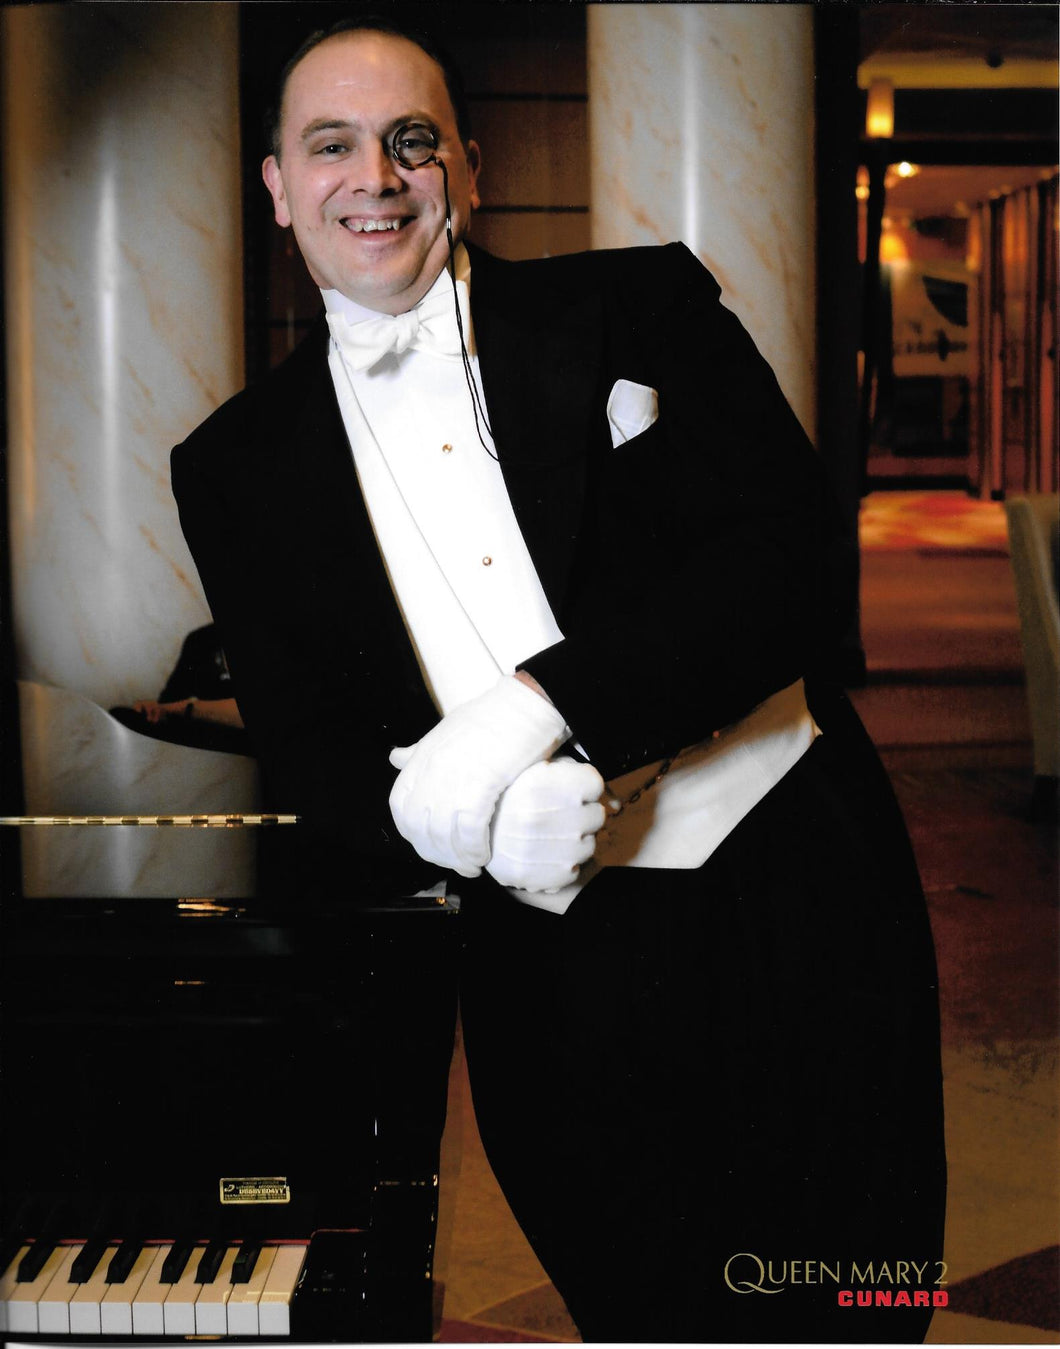 Bob models an original vintage formal tailcoat, one of the extant Victorian coats used to make RH921
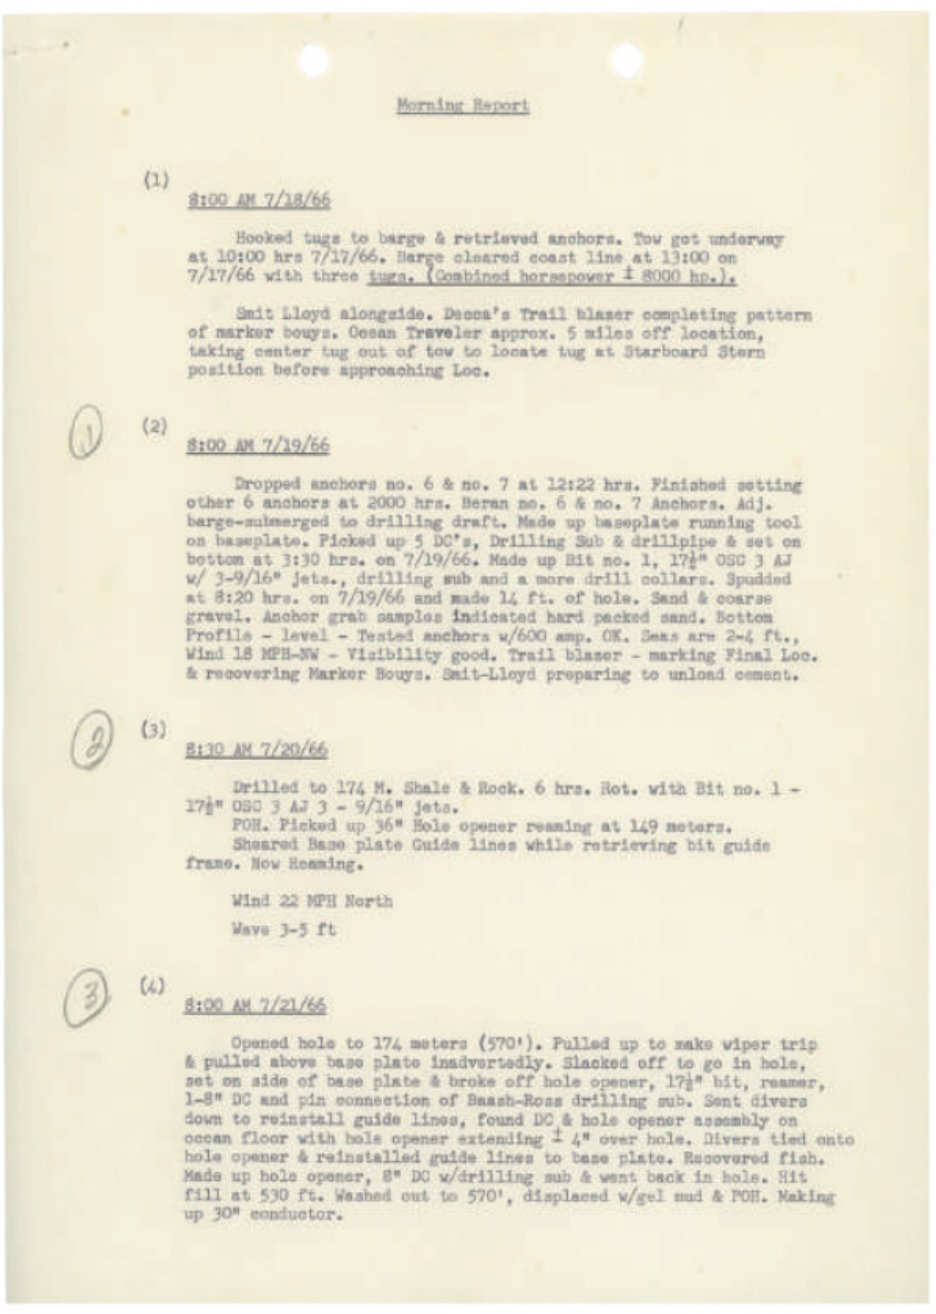 Regional State Archive of Stavanger, First oil drilling on the Norwegian shelf, Morning Reports - page 1, July 1966
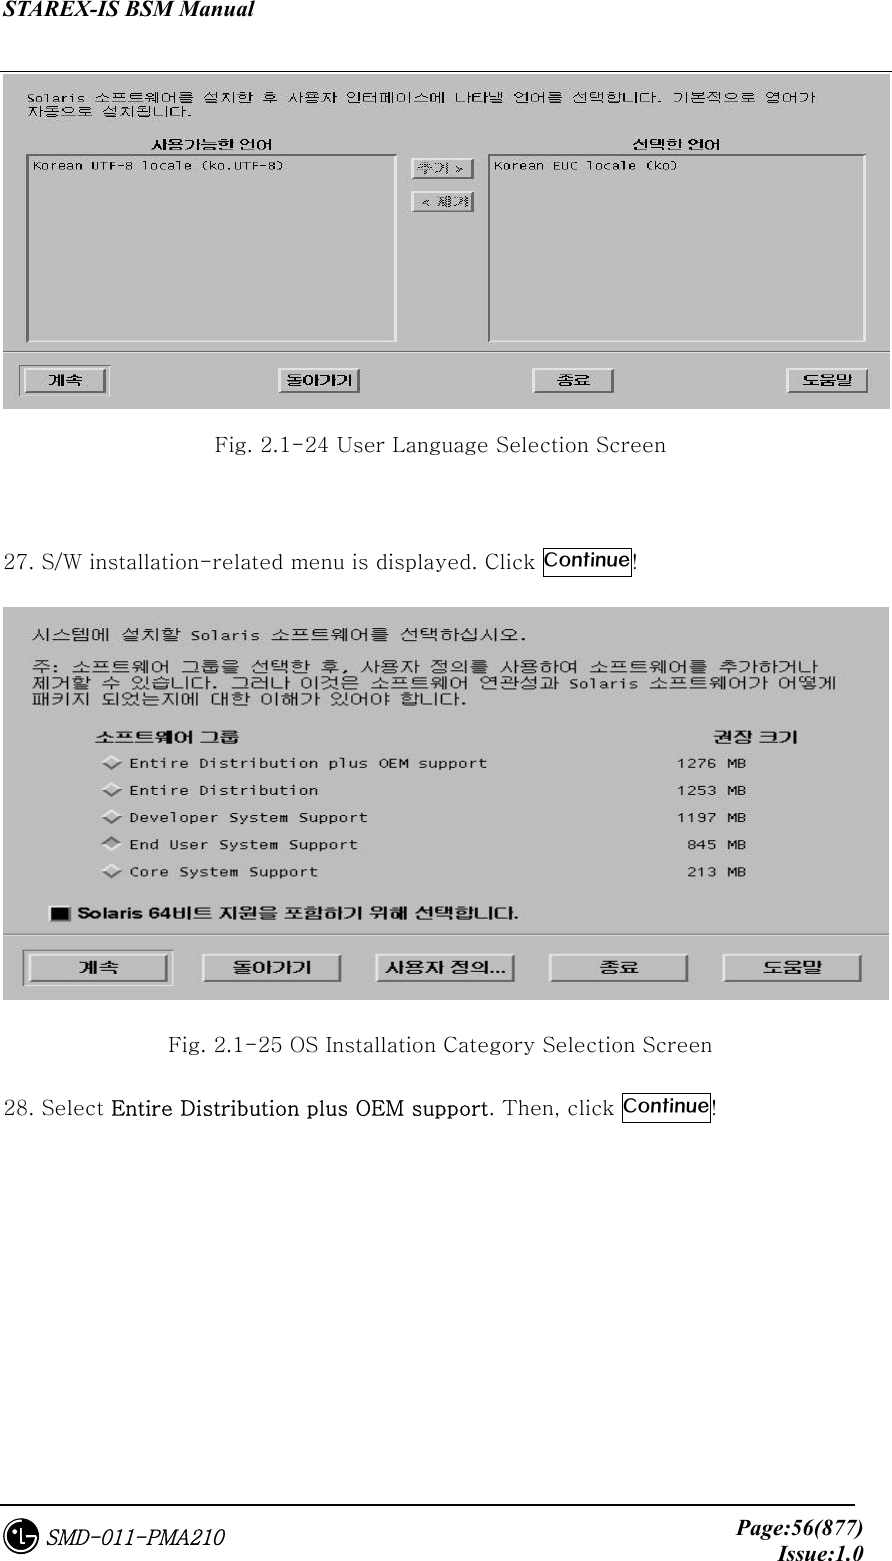 STAREX-IS BSM Manual     Page:56(877)Issue:1.0SMD-011-PMA210  Fig. 2.1-24 User Language Selection Screen  27. S/W installation-related menu is displayed. Click Continue!  Fig. 2.1-25 OS Installation Category Selection Screen   28. Select Entire Distribution plus OEM support. Then, click Continue!  
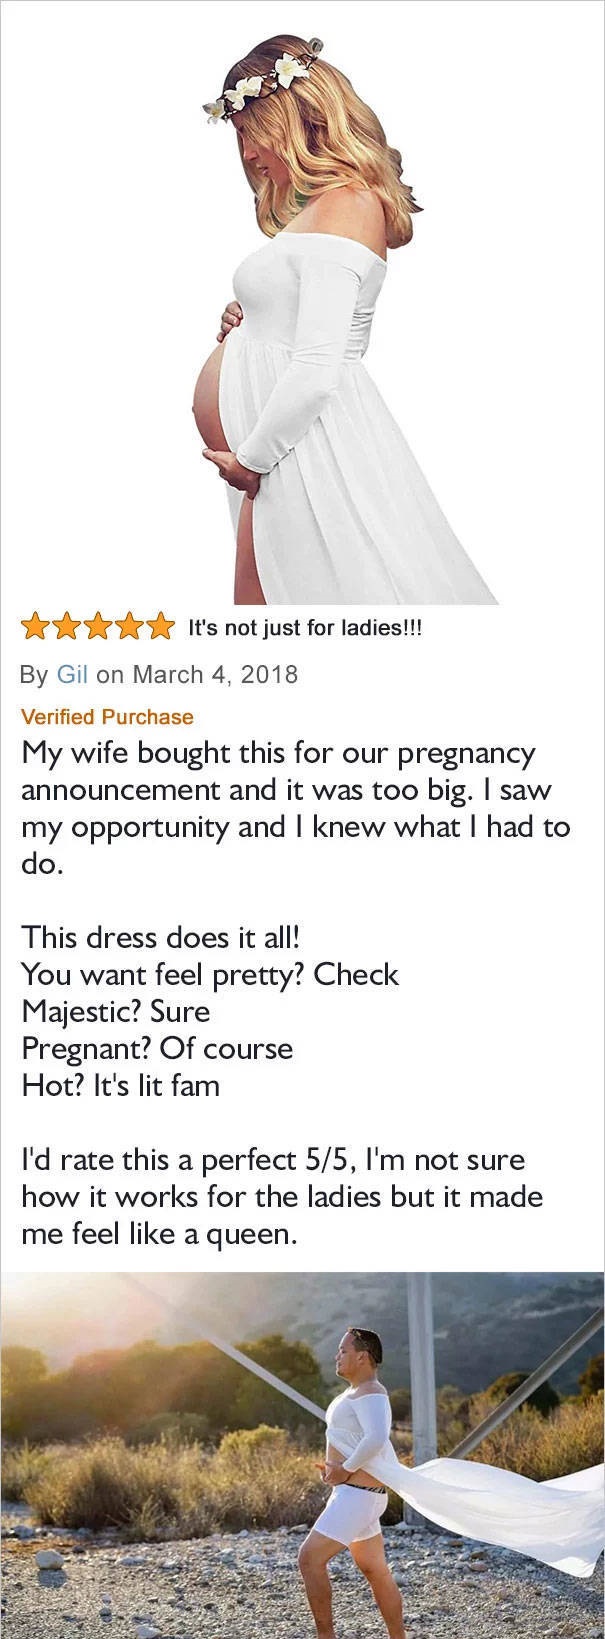 29 Hilarious Amazon Reviews That Deserve 5 Stars - Funny Gallery
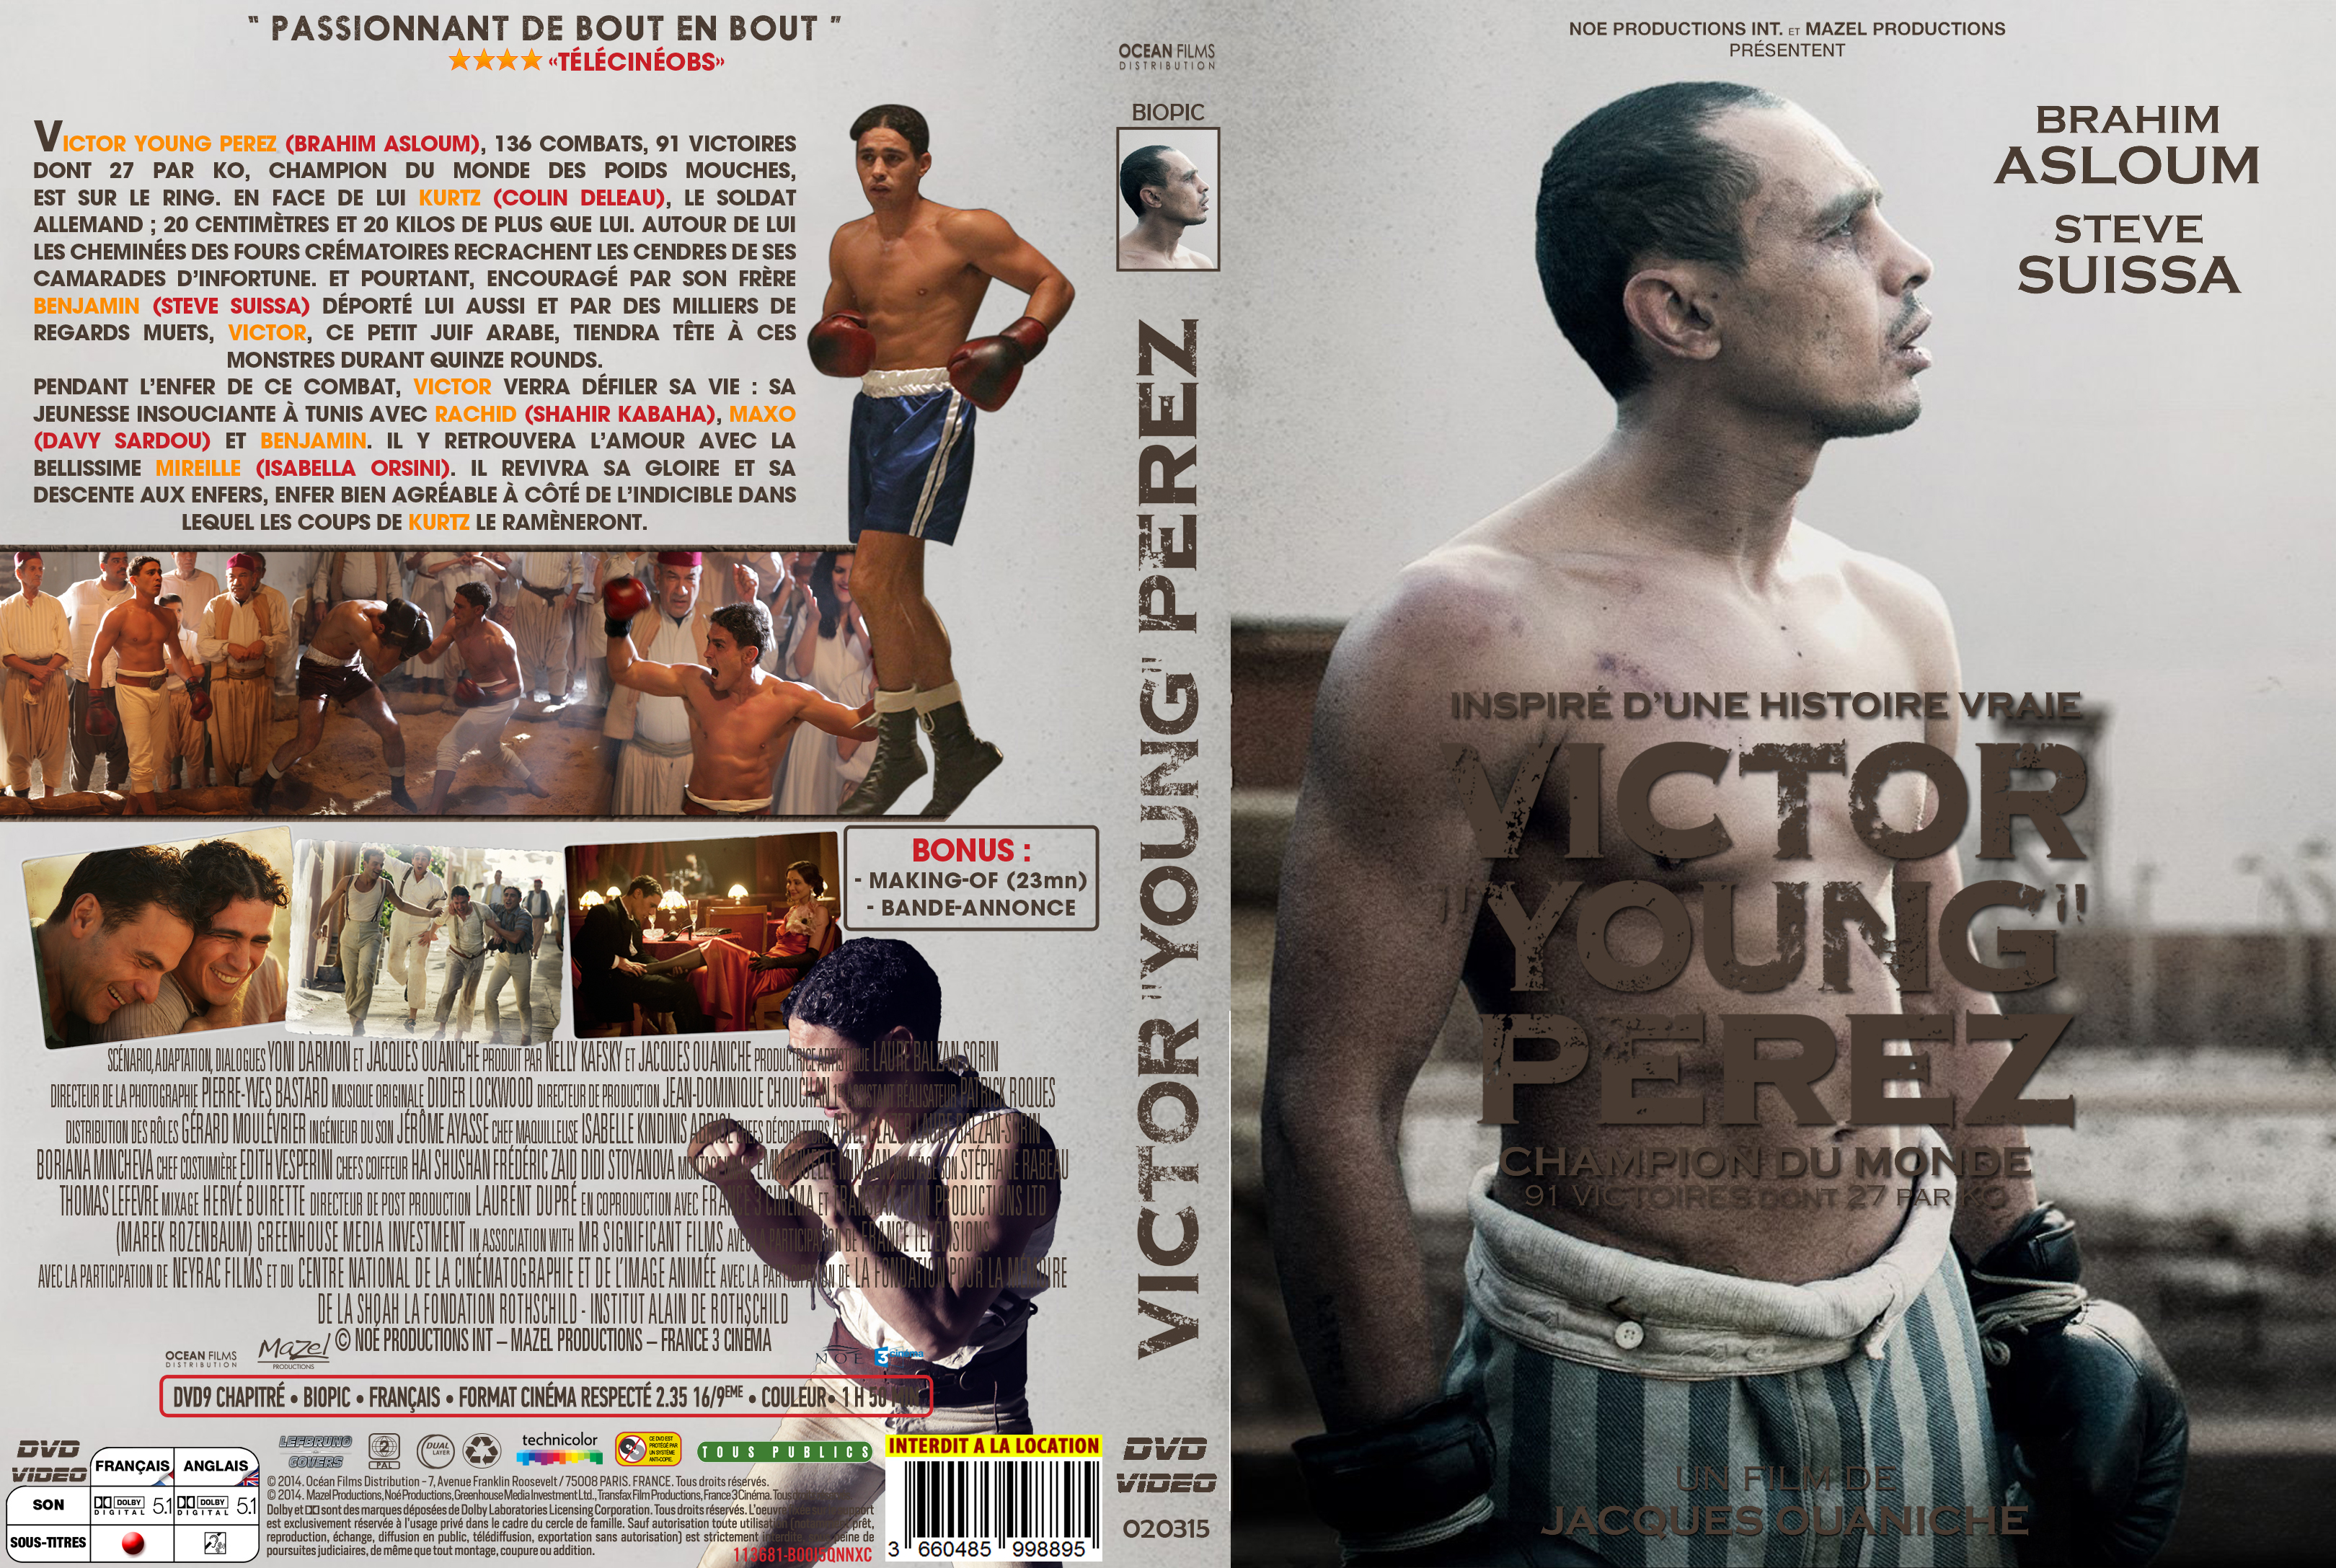 Jaquette DVD Victor Young Perez custom

---+---

Exercise brief -
Write out every line above again exactly, with the pictures left out.

Solution to this task -
 Bob models an original vintage formal tailcoat, one of the extant Victorian coats used to make RH921
 Regional State Archive of Stavanger, First oil drilling on the Norwegian shelf, Morning Reports - page 1, July 1966
 STAREX-IS BSM Manual     Page:56(877)Issue:1.0SMD-011-PMA210  Fig. 2.1-24 User Language Selection Screen  27. S/W installation-related menu is displayed. Click Continue!  Fig. 2.1-25 OS Installation Category Selection Screen   28. Select Entire Distribution plus OEM support. Then, click Continue!  
 29 Hilarious Amazon Reviews That Deserve 5 Stars - Funny Gallery
 Jaquette DVD Victor Young Perez custom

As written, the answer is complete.